While our review of generative materials design has focused on inorganic materials, the same principles and models have also been widely applied to the generative design of proteins [
17], organic materials [
3,
18], and architected materials, for which both language models and diffusion models are intensively used for forward and inverse design [
19].
4. Challenges and opportunities
Generative material design is still in an emerging stage, and there are many significant challenges and related opportunities that must be addressed, ranging from algorithm models to training datasets or design objectives.
Challenge 1: Controlled generative design with multiobjective functions and complex physicochemical or geometric constraints. This challenge is compounded by the fact that the simulation codes for most performances are not even differentiable, which makes it difficult to incorporate those performance objectives into the loss function to guide the model training and generation.
Challenge 2: Mixing large language models (LLMs) with generative models for generative materials design. While deep language models have been combined with generative models for protein [
20] and simplified molecular-input line-entry system (SMILES)-based molecule design [
18], it is challenging to apply this to crystal material design due to the high symmetry constraints and the difficulty of finding stable and synthesizable crystal structures.
Challenge 3: Fast validation models for screening final candidate materials. Many material design constraints (explicit or implicit) cannot be incorporated into a generative model and can only be validated over generated samples. However, filtering criteria such as synthesizability, mechanical stability, and thermodynamic stability are all very difficult to compute. The consideration of manufacturability makes it even worse. The question of how to improve the hit rate of generating physically and chemically feasible materials and train fast and accurate evaluation models is a key unsolved problem.
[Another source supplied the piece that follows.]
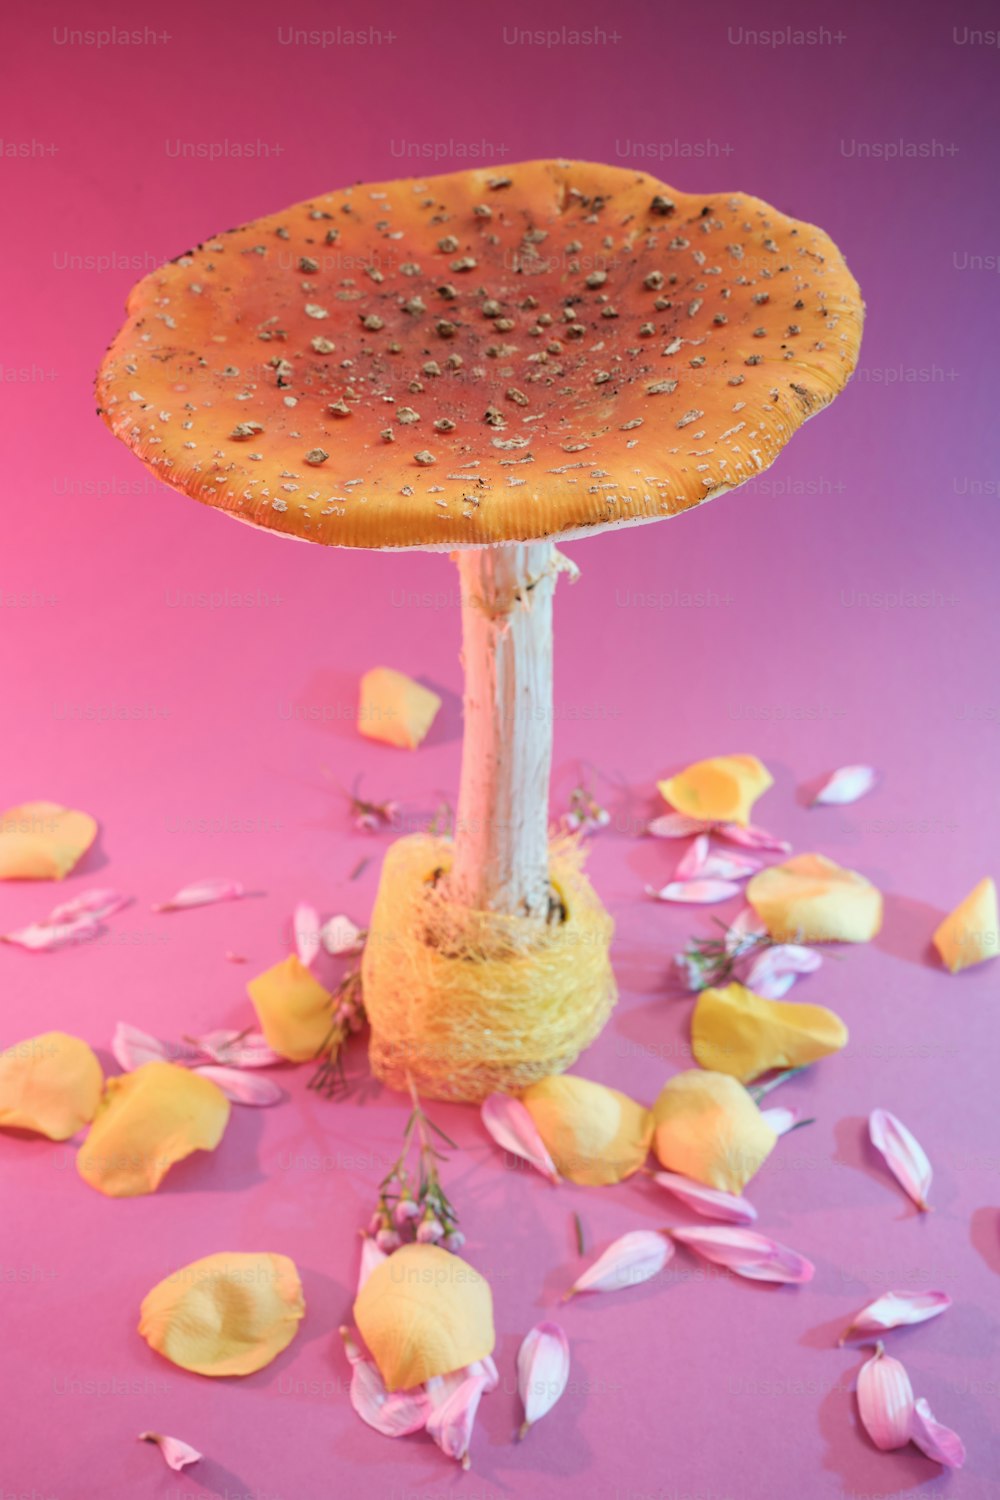 Un objeto en forma de hongo sentado encima de una superficie rosa

Challenge 4: Creative generative design. The objective of design is to find novel materials with exceptional properties while current generative models are trained to generate samples similar to the training sets. Another obstacle is that neural networks are good at interpolation but not at extrapolation, which makes the performance prediction of out-of-distribution samples difficult and misleads generation models to generate invalid designs.
Challenge 5: Generative design with limited datasets. Due to the high costs of experiments or DFT calculations, most current materials datasets are small in terms of macro material properties such as thermal conductivity and piezoelectricity. However, there are a large number of unlabeled material structures. Opportunities exist here to exploit advanced machine learning techniques such as pretraining and physics-informed neural networks to address these issues. There is also promise in exploring surrogate models trained with mixed fidelity datasets and studying out-of-distribution machine learning models with high generalization performance for novel samples.
With the emergence of more advanced deep generative AI techniques, as demonstrated by OpenAI’s Sora for text-to-video generation, generative design research for materials and structures will undergo a transformative revolution in the coming years, which can greatly assist in addressing the global challenges of climate change, energy, and human health.